Fresh data from the central bank showed that China's new yuan-denominated loans hit 992.7 billion yuan (about 142.4 billion U.S. dollars) in July, down 63.1 billion yuan compared with the same month of last year.
Analysts polled by Reuters had predicted new yuan loans would fall to 1.20 trillion yuan in July, down from 1.81 trillion yuan in the previous month and compared with 1.06 trillion yuan a year earlier.
The country's M2, a broad measure of money supply that covers cash in circulation and all deposits, rose 10.7 percent year on year to 212.55 trillion yuan at the end of July, the central bank said.
The growth rate was 0.4 percentage points lower than that at the end of June, and up 2.6 percentage points compared with that in the same period last year, said the People's Bank of China (PBOC), the central bank.

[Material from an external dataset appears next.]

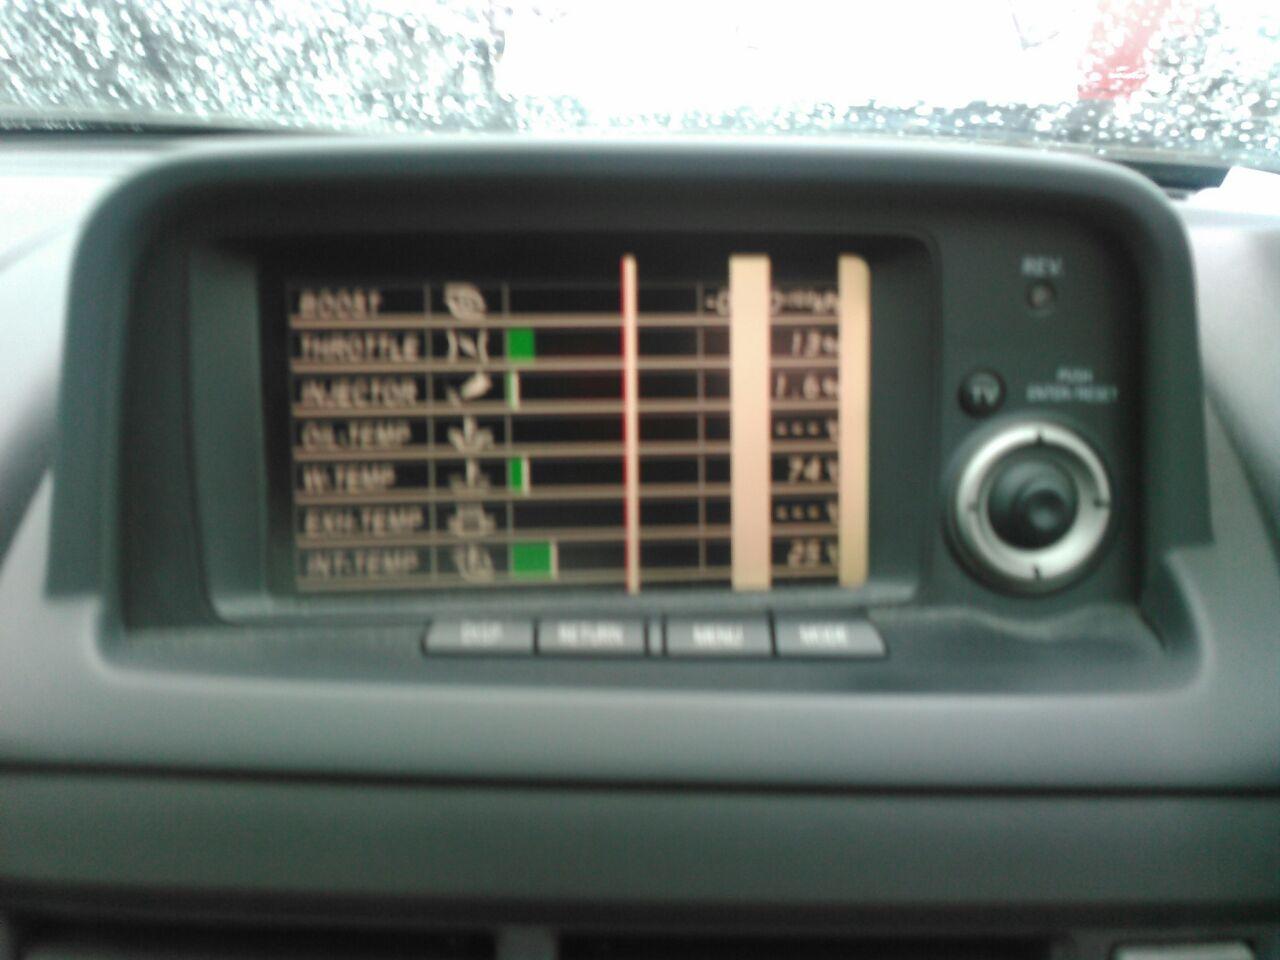 2001 Nissan Skyline R34 GTR VSpec2 tv screen

Yi Gang, governor of the PBOC told Xinhua on Sunday that the central bank will guide growth in M2 and total social financing this year to significantly exceed last year's rate.
Meanwhile, the narrow measure of the money supply (M1), which covers cash in circulation plus demand deposits, stood at 59.12 trillion yuan by the end of July, up 6.9 percent from a year ago.
M0, the amount of cash in circulation, rose 9.9 percent year on year to 7.99 trillion yuan by the end of last month.